Читать книгу Маленькийкосмос - Антон Адриа Мейер - Страница 3

Амбар №4

Оглавление

– Сага, сыграй еще! Сыграй еще!

Длинные худые пальчики с розовыми ноготками вознеслись над расколоченным пианино, замерли на мгновение, и Сага заиграла. Она повторяла эти странные конвульсивные движения, окуная руки в молочные клавиши, рождая звуки музыки, мелодии – одну прекраснее другой. Точно художник, творящий картину на холсте, Сага создавала тайный, полностью осязаемый мир, а потом тот, точно мираж в пустыне, растворялся, и на смену ему приходил другой, новый, еще более фантастический.

– А что это?! А это что?! – восклицали попеременно мальчишки и девчонки, внимающие ей.

– Лунная соната, – отвечала им улыбчиво Сага.

– Как красиво! А это, это что?!

– «Щелкунчик», – журчал голос девушки.

– «Щелкунчик»! – вторили ей с восхищением голоса. – Вот здорово! Ребят, правда здорово?!

И все молча с завороженными глазами кивали в ответ.

– «Лебединое озеро»?! – донесется вдруг тоненький голосок из толпы.

– Да, – подтверждает Сага. – Да!

И с новыми силами берется за дело.

Пальцы Саги не унимались, как не унимались голоса. Они просили еще и еще, и она им не отказывала. Без устали, не прося ничего взамен. Так мать отдает последний кусок хлеба своим детям и радуется их улыбкам, обрекая себя на голодную смерть.
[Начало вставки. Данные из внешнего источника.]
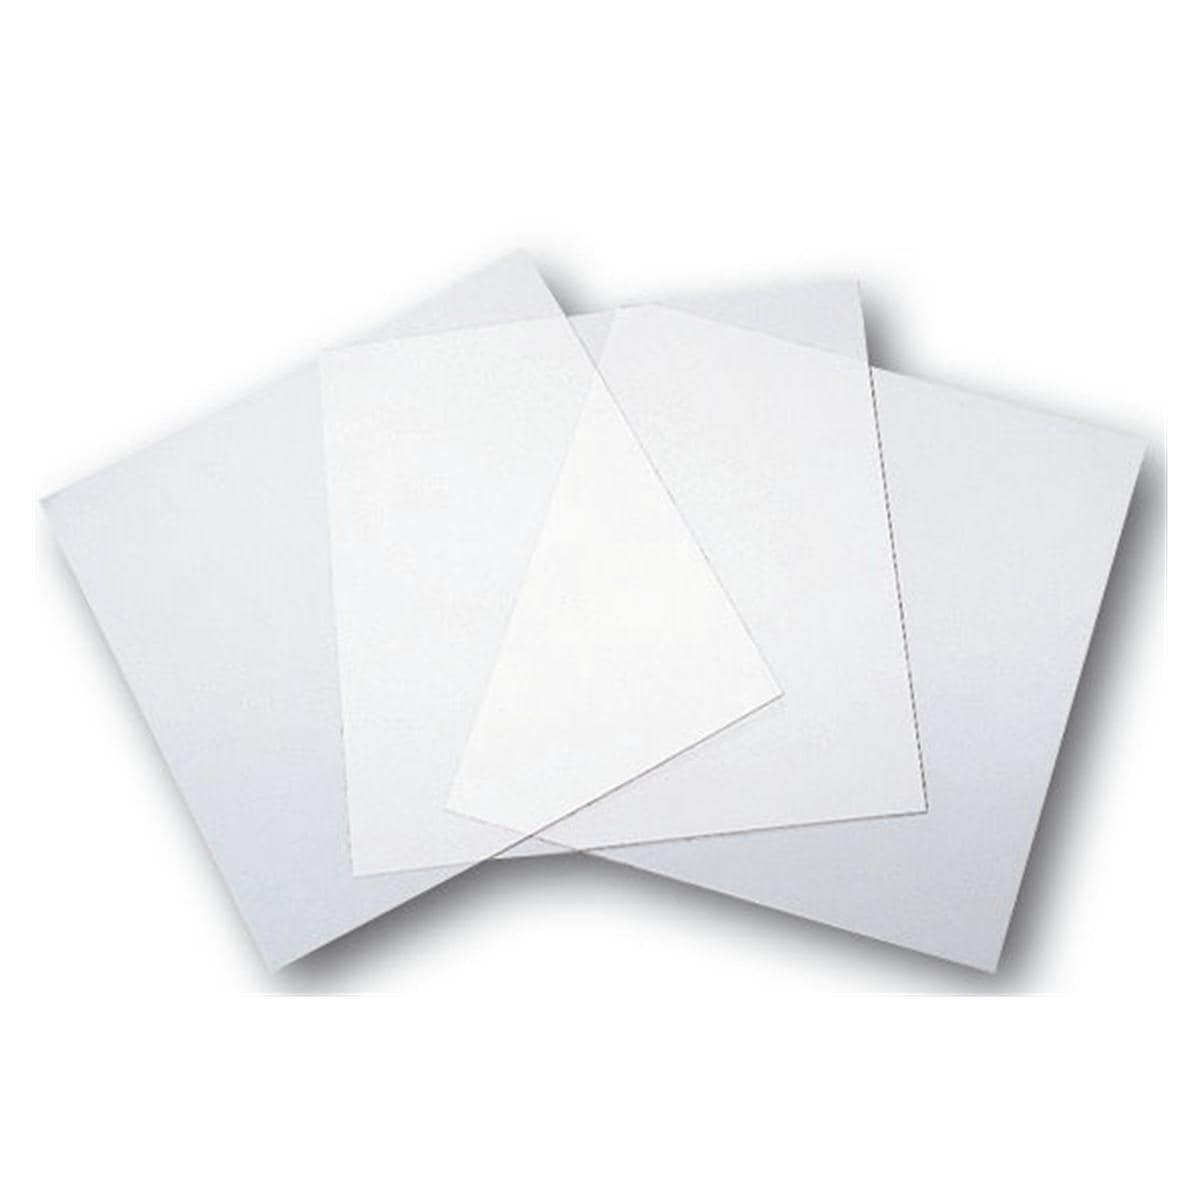 Sof-Tray Sheets - medium 1,5 mm paisseur, 20 pcs, #227

– Фантастика, просто с ума сойти можно! Как красиво!!! – кричали дети, и от этих восклицаний на душе у Саги разливалось тепло. Потому что для нее эти восклицания означали – еще одно мгновение дети буду чувствовать себя счастливыми, и им не придется думать о вещах, о которых в таком возрасте думать совсем не хочется.

Соната такая, соната сякая – все кругом было наполнено звуком. Кажется, что именно он, звук, наполнял смыслом бегающие из стороны в сторону ловкие пальцы девушки, а не наоборот. От этих звуков мир принимал совершенно другие очертания, отодвигая действительность на задний план, делая ее меньше, незначительнее, а ее восприятие – не таким болезненным. Музыка – тайный шифр знаков и цифр, чередование спадов и подъемов, самое что ни на есть настоящее очарование. Ветер жизни, слезы на грани смеха, смех на грани рыданий.
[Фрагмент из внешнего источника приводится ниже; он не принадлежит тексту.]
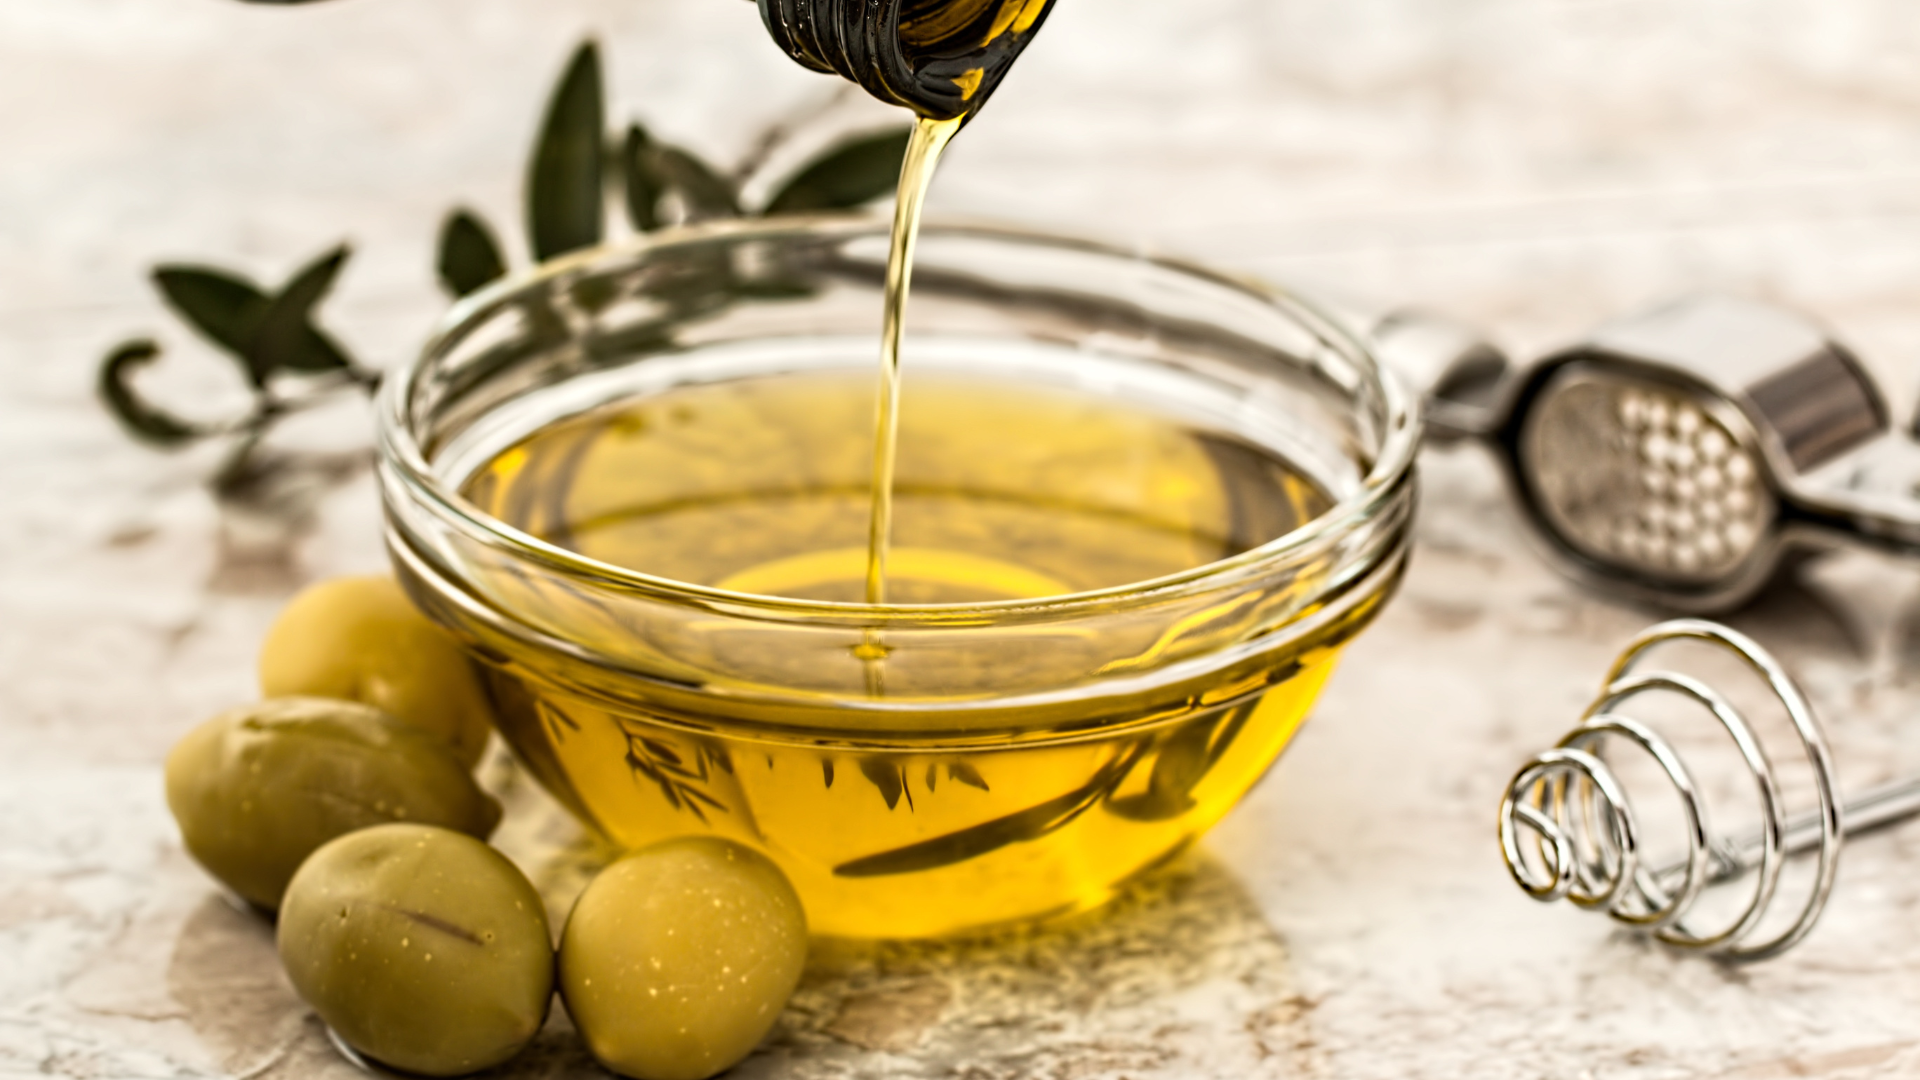 Assemblage et dgustation d'huile d'olive

Дождь бил по крыше амбара, или склада, или бог знает, как еще называлось место, в котором они находились. Таких амбаров по всей стране после окончания войны осталось много. Они служили неоспоримым подтверждением того, что война была и теперь ее не изгнать из душ. Это известный факт – не переписать страницы истории. Так и от них не избавиться, от этих уродливых конструкций, сколоченных наспех, в которых раньше хранились оружие, провизия, боеприпасы. Теперь в них было пусто или почти пусто. На самом деле ничего достойного внимания – один лишь мусор, пережитки войны.

Какая-то часть амбаров за время войны устояла, другая была уничтожена, раскрошена в щепки. То же самое случилось и с домами, в которых когда-то жили и работали люди, то же случилось и с людьми, что когда-то работали и жили в тех домах, – раскрошены в щепки. Война окончилась, люди умерли, правда у каждого осталась своя, а они – склады, амбары, постыдные следы войны на теле планеты – остались.
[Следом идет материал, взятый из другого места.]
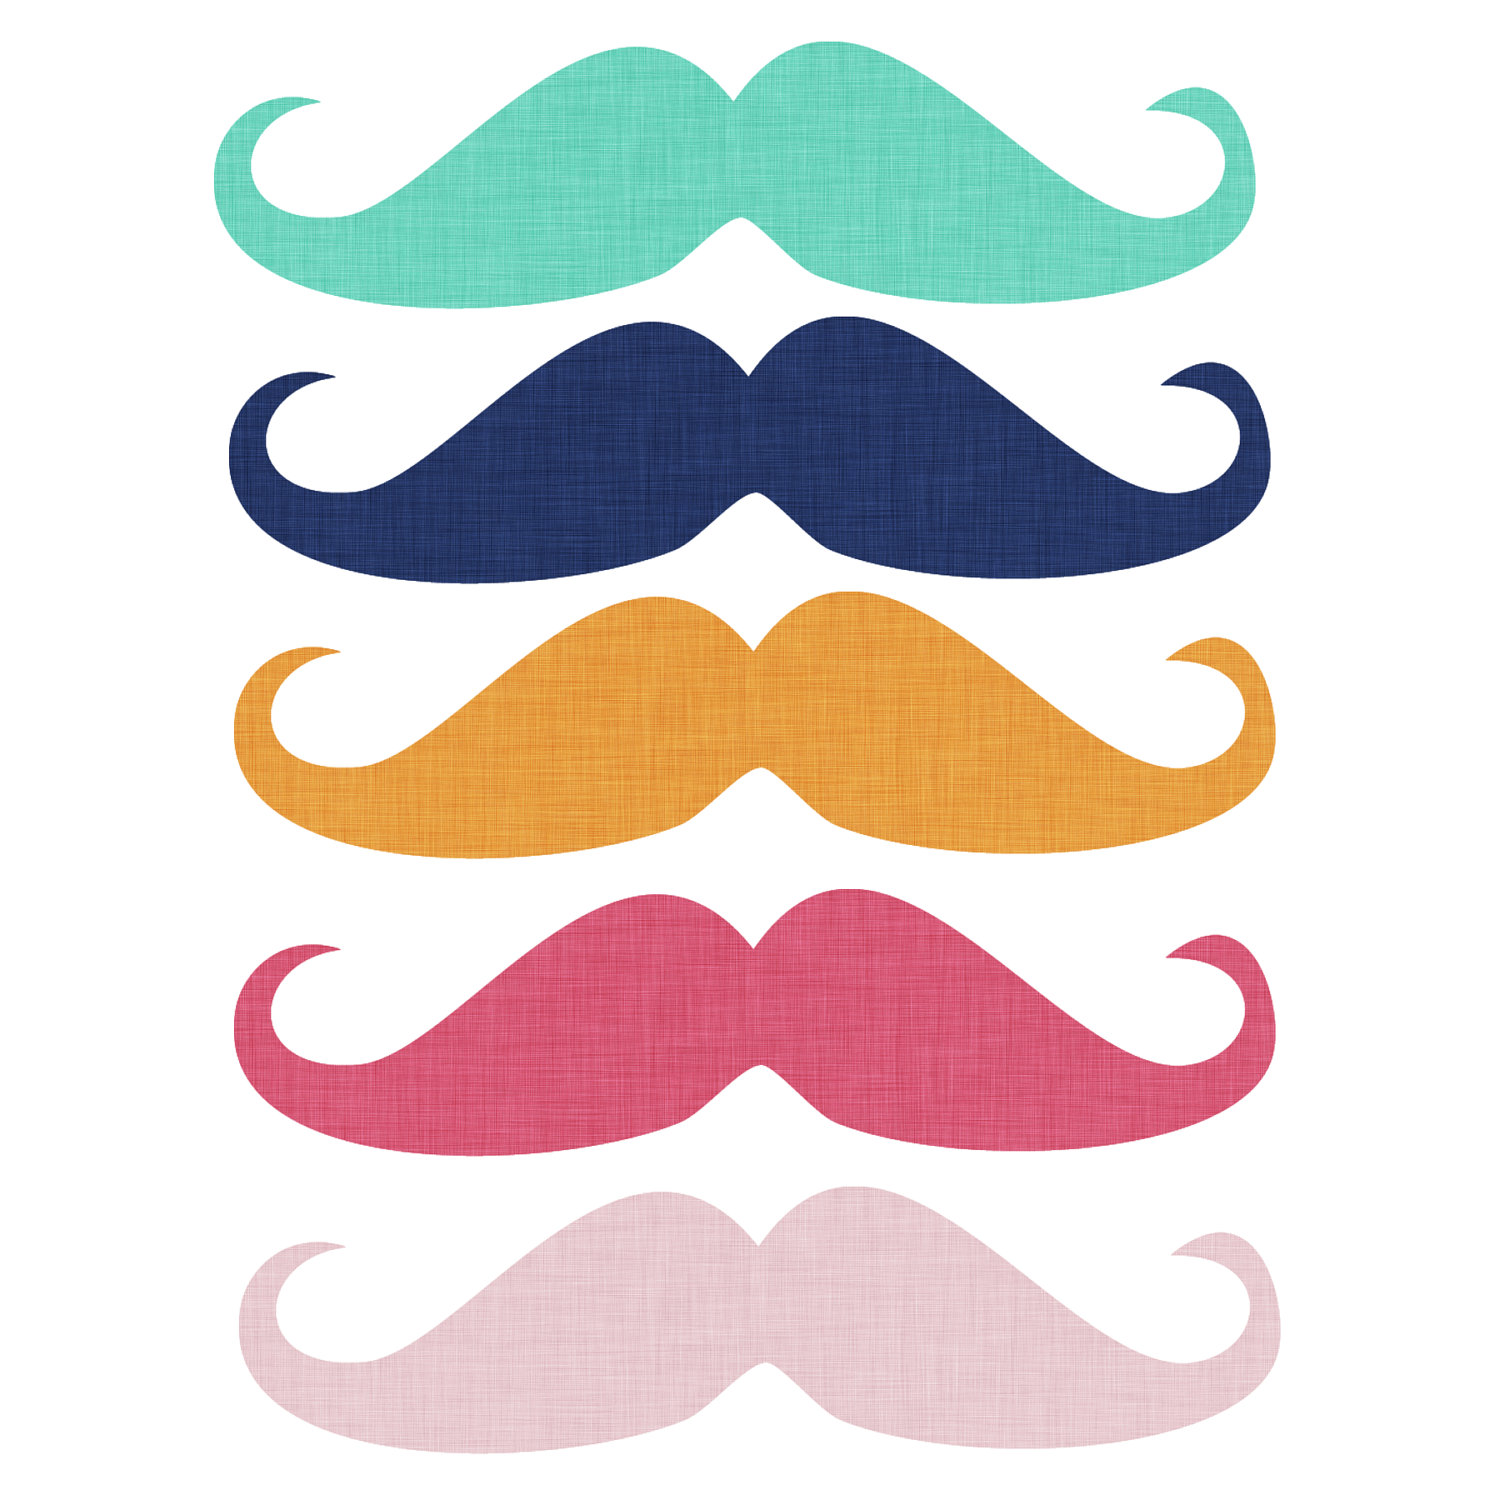 Popular items for moustache clipart

Из городов на всей Земле теперь был только Токио, или как его теперь называют «последняя столица», а Япония – единственная, хоть и в малой степени уцелевшая страна. Дрейфующий в бескрайних водах океана остров. Все остальные земли и страны были уничтожены взрывами. Они прогремели в одночасье очень громко, быстро и неожиданно. Это было сродни всполоху гигантского огня и сгорающего в нем мотылька. Мир канул в небытие, словно и не существовал никогда. Словно и не было в нем ни великих горных цепей, ни густых зеленых лесов, ни прозрачных озер с мерцающими поверхностями, ни голубого мирного неба над головой. Ни культур, ни народов, ни их наследия… Хрупкая конструкция разбилась о каменный лоб чьего-то безразличия и алчности, осколки бесшумно разлетелись по углам Вселенной, и склеить их сейчас не представлялось возможным. Да, последствия разрухи еще было сложно оценить, но однажды для этого настанет время, и оно будет не самым лучшим в истории человечества.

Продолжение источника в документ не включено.